However, I find I actually prefer the smaller one-liter cloches whenever I can use them. I have found that the flimsy plastic on the larger bottles curls under with age, which makes it harder to push them down into the soil. Loosening up the soil around the small plants first before pushing in the bottles over them helps prevent the curling, but in time the plastic eventually curls anyway. I extend the life of these larger cloches by trimming off an inch of the plastic when it starts to curl, but they will end up in the recycling bin before the season’s end, I’m afraid. The smaller bottles, on the other hand, will likely survive several seasons.
As I’ve needed larger and larger bottles, I started cutting off the bottoms of the bottles instead of the tops. I only take off between an inch and two inches when cutting from the bottle, which gives me a couple of inches more in height. This also is actually a better design functionally for cloches. The plastic at the bottom of soda bottles is a tiny bit thicker, which makes for a sturdier cloche. And the tapered top of the bottle allows debris to slide off easily, optimizing the sun that reaches the plants inside. Additionally, I have the option of removing the bottle cap and watering the seedling inside the bottle without removing the cloche, when I think that not enough moisture is reaching the roots directly under the cloche. This isn’t a frequent problem, though. Being able to mulch up close to the seedling allows the soil to retain moisture much more effectively between rainfalls. And, of course, I water with a soaker hose, so as long as the roots are getting what they need, it doesn’t matter whether or not the surface soil is damp.
I’ve been so happy with my improvised cloches that I’ve started using just about every plastic and glass container that would otherwise head straight to the recycling bin. This is what I’ve learned: I don’t like the gallon-sized milk and water bottles. The plastic in our gallon bottles is milky in color and translucent rather than transparent. I don’t think the seedlings inside get enough light or enough water to best sustain them. I love juice bottles the best, especially the large round Juicy Juice bottles. They are made with a thicker plastic, but are big enough in circumference to fit around larger peat pots. And when the bottoms are cut off, I have the same tapered top and the same option of using them with or without the lids.

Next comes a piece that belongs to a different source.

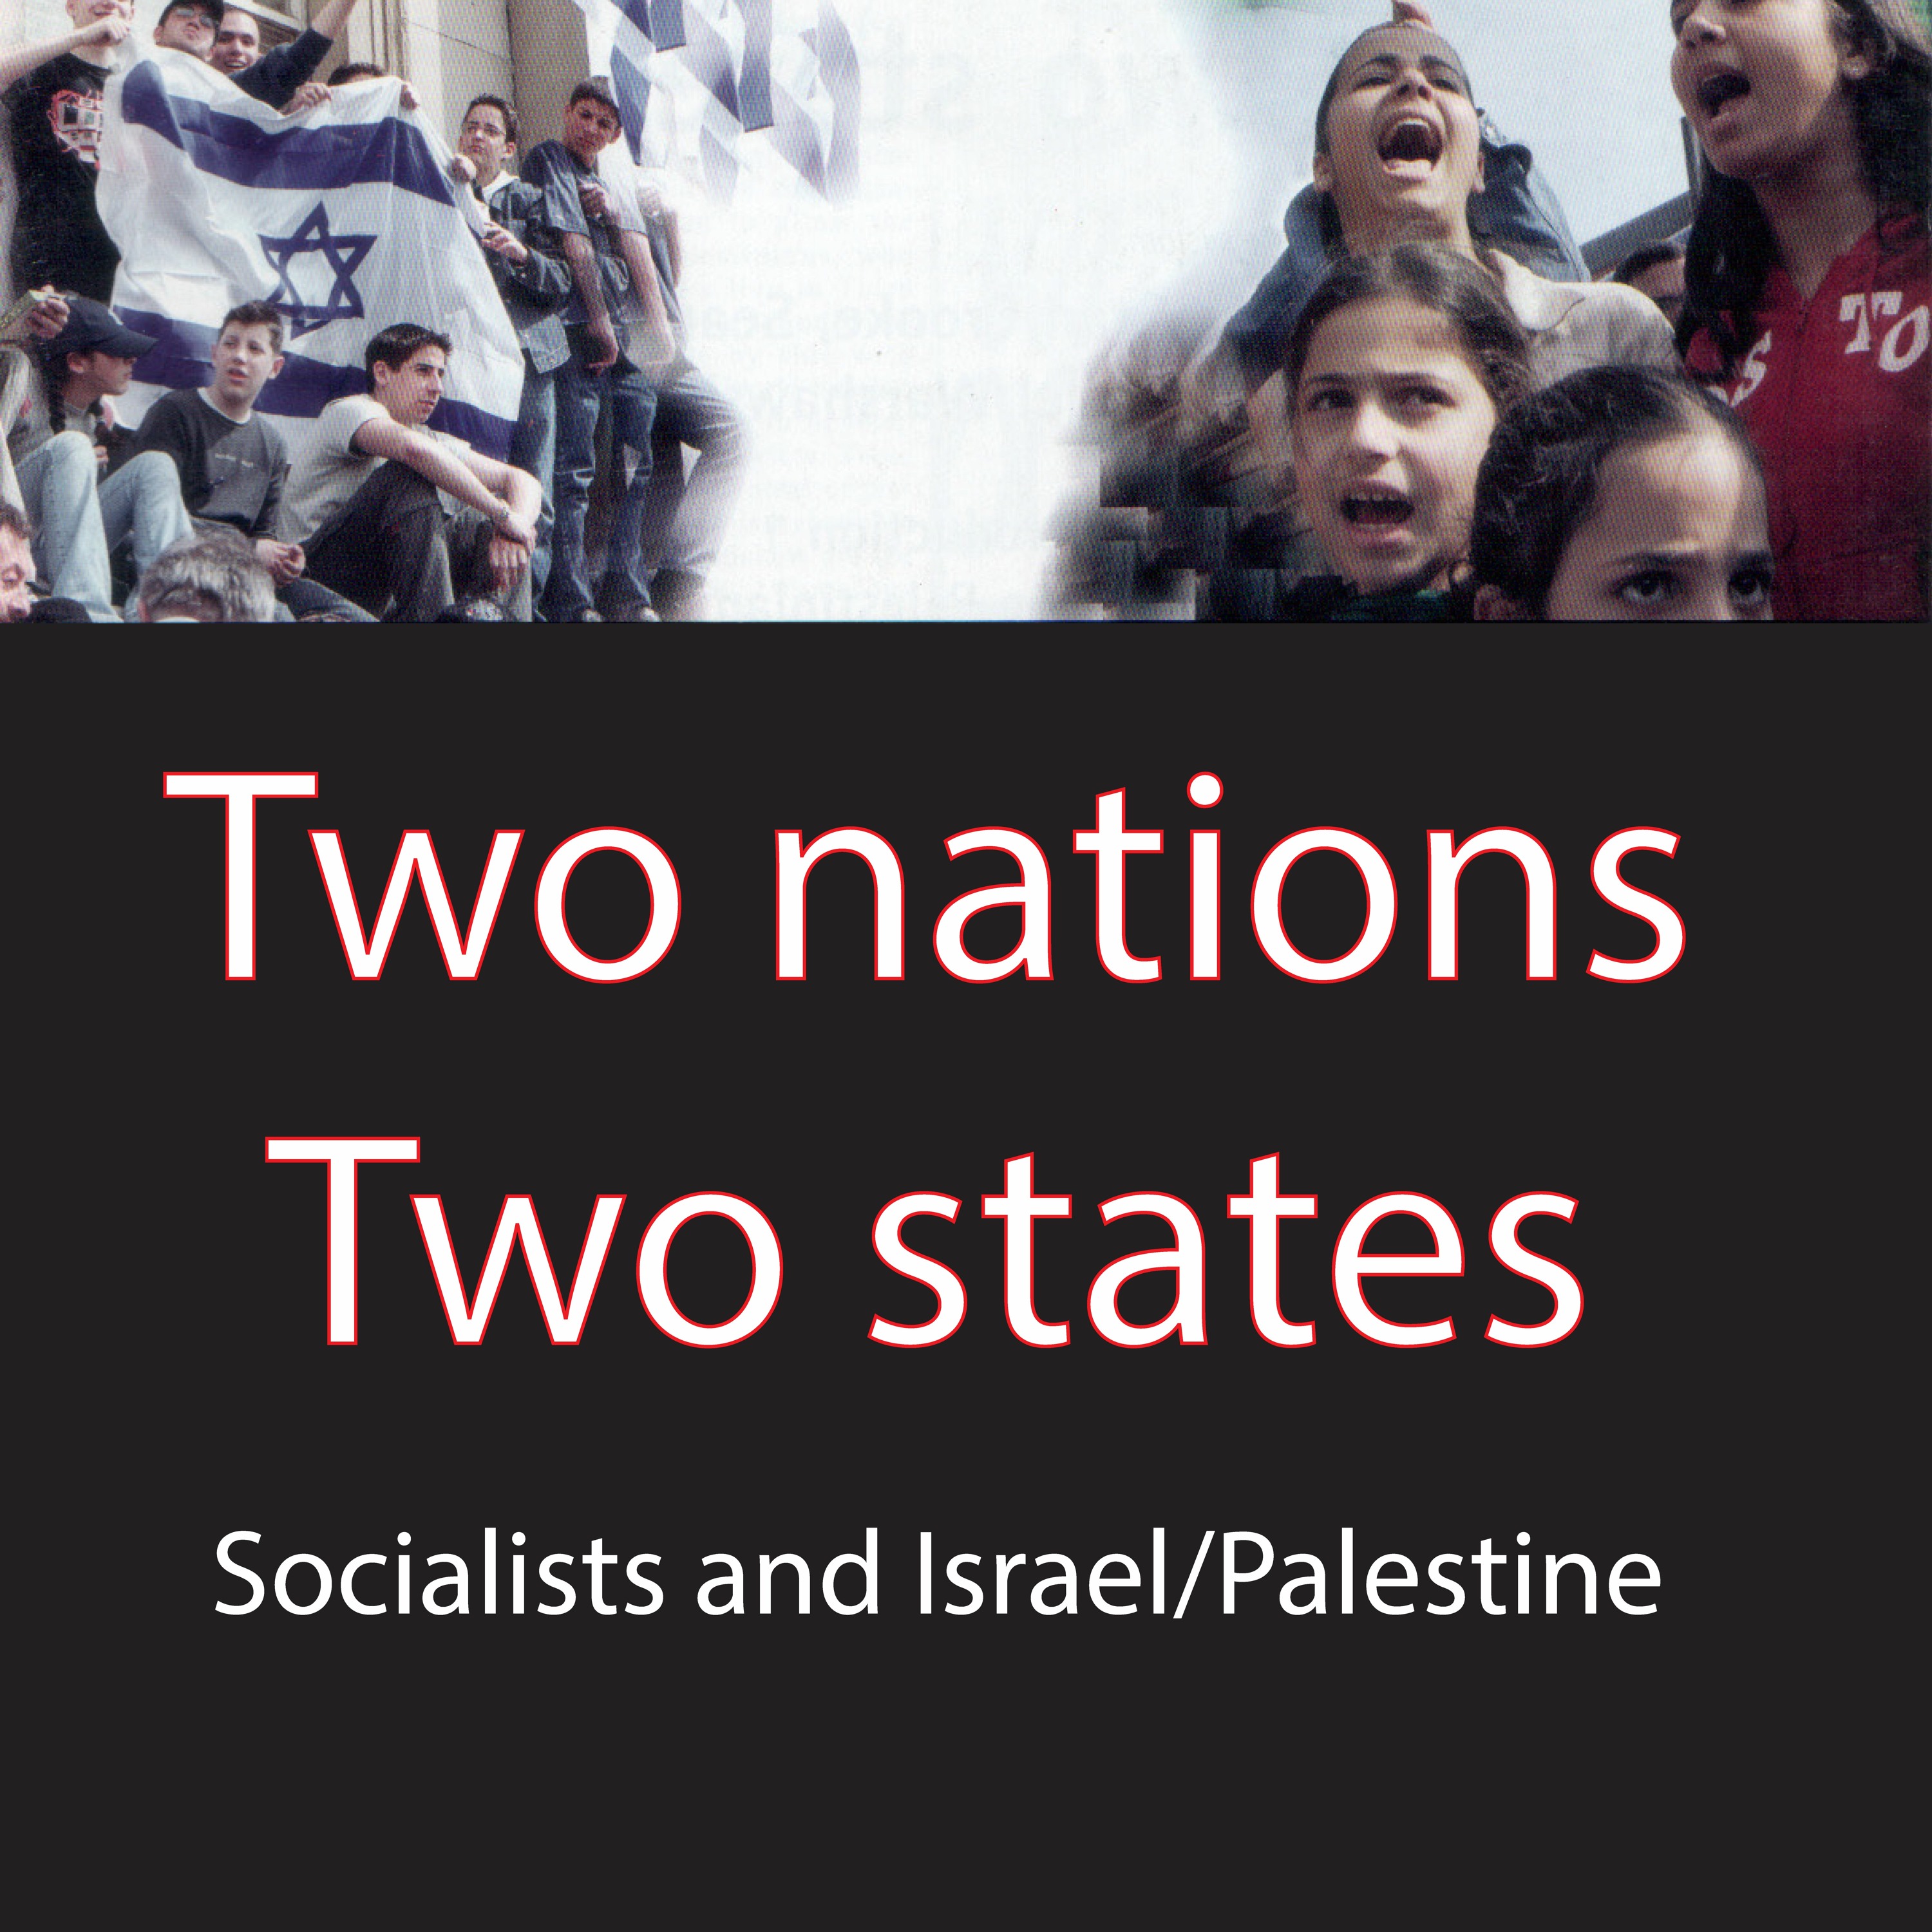 Two nations, two states — Socialists and Israel/Palestine

Any clear glass or plastic container can be put to use in this way. The only limit is the size of the opening. Smaller jars can be used on tiny first sprouting plants and replaced with larger ones as the plants grow. In time, of course, the plants will outgrow them all, but by that time they will have a more solid footing in this world and be less vulnerable to attack. A loss of one leaf on a large plant is not the potentially fatal blow that it means to a seedling. Roots are larger, stems are sturdier, and leaves are more plentiful on older and larger plants.

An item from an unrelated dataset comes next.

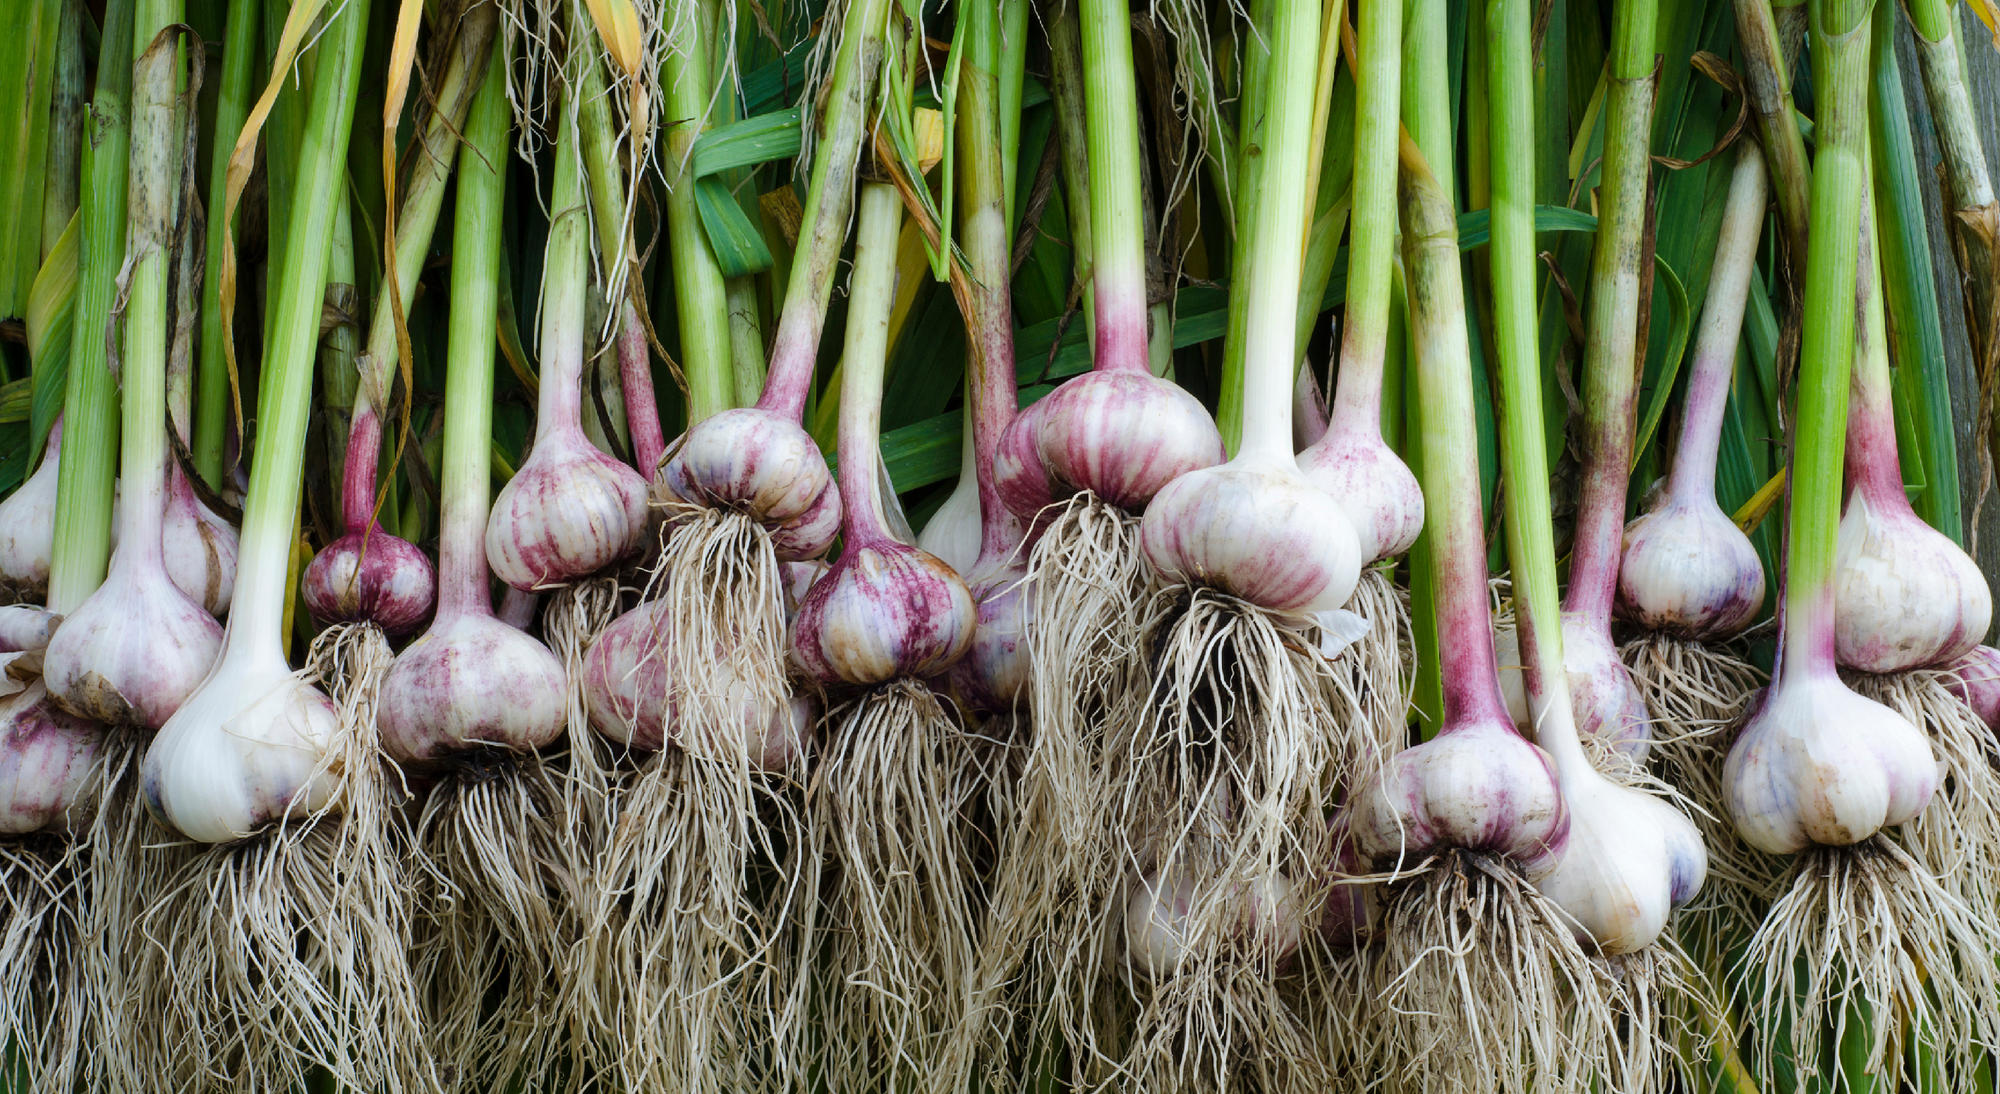 A photo of a bunch of recently harvested garlic bulbs.

When you are trying to learn a new skill — like gardening, for example — you just never know what useful information you might stumble across in your quest to master this new domain.

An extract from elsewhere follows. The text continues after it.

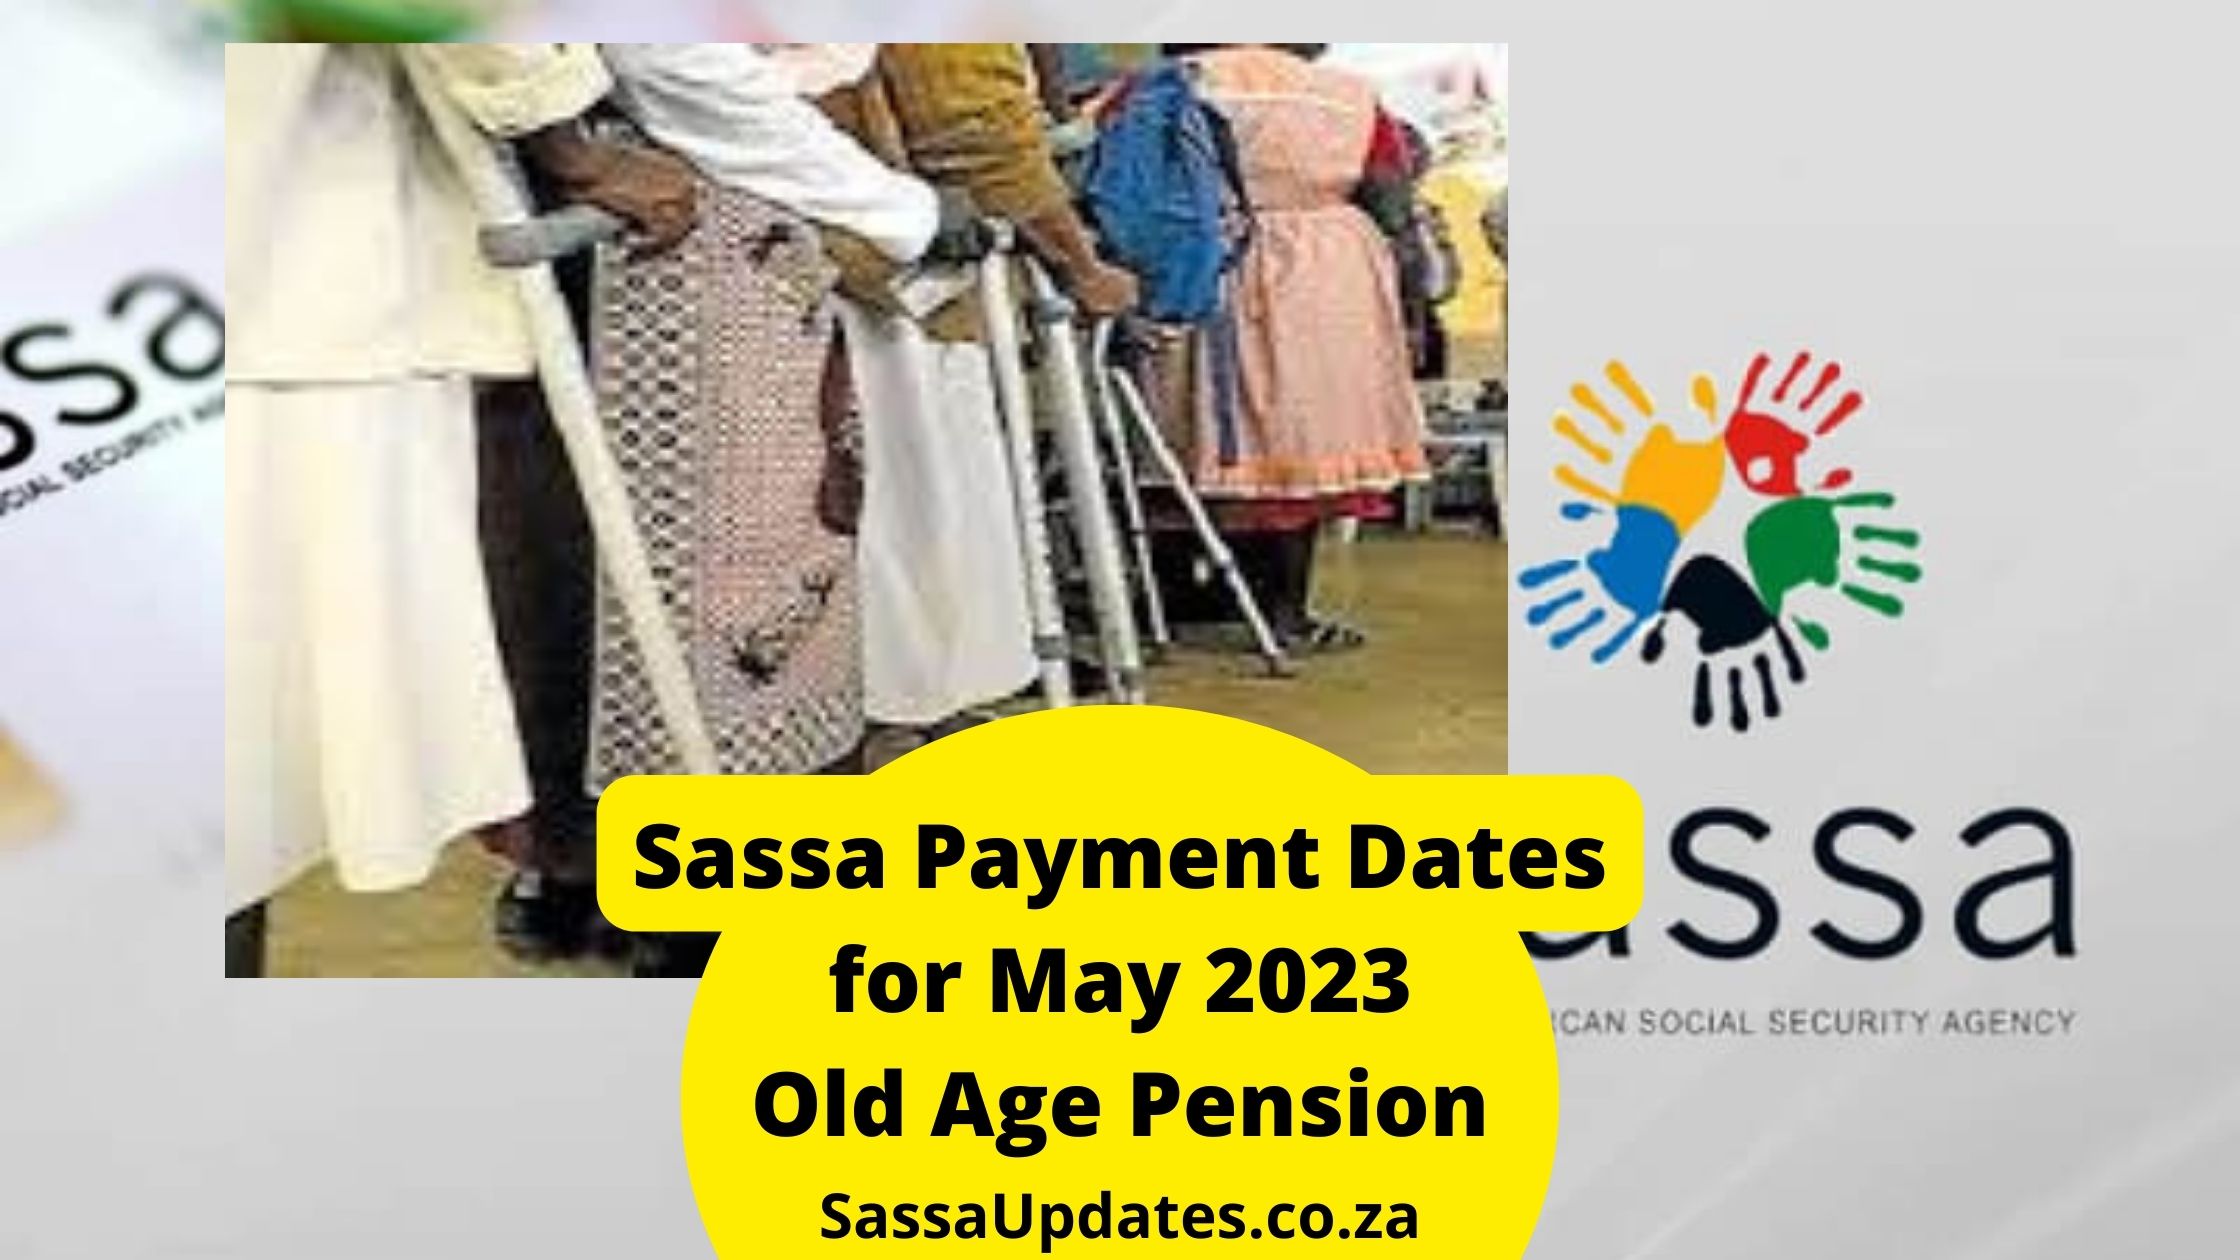 Sassa Payment Dates for May 2023 Old Age Pension

A recent encounter with persistent dandelions in my garden beds is an excellent case in point. While searching the Internet for organic remedies for this annoying pest — hoeing and heavy mulching appear to work best — I was astounded to learn that dandelions rule as one of the world’s most nutritionally dense edible greens. They are high in beta-carotene, potassium, iron, calcium, magnesium and phosphate, as well as the B vitamins thiamine and riboflavin. I found The Leaf Lady‘s web site particularly informative.
Now keep in mind that I am not a nutritionist, nor am I an historian, only a mom armed with her Mac and a brilliant mastery of Google. But it turns out that the humble dandelion is a European import brought to the States to be farmed in vegetable gardens throughout the colonies when our country was young. Dandelions (from the Old French “dent-de-lion,” which means “lion’s tooth”) kept many a settler alive through tough times and continues to be cultivated and eaten the world over — adored by everyone except us disdaining Americans.
Now I knew dandelions were edible, having learned this fascinating fact the summer before I started high school. That year, my grandfather brought a car full of relatives to our home for an afternoon visit. Among them were his 92-year-old Aunt Alma, who was visiting from Missouri. There were many details about my tiny and unassuming great-great aunt that made an impression that day, among them that she, the youngest of ten siblings who immigrated from Sweden with their widowed mother, married her husband the very day after she met him for the first time (although they had been corresponding for several years) and with him went on to have eleven children of her own. Somehow, during the course of that visit, the conversation turned to food — as it often does when relatives get together — and my Aunt Alma professed an undying love for dandelion greens, much to the amusement of those gathered around her. Given that my Aunt Alma went on to live far past her 95th birthday, I suppose I should not have been so surprised at the healthfulness of her favorite green.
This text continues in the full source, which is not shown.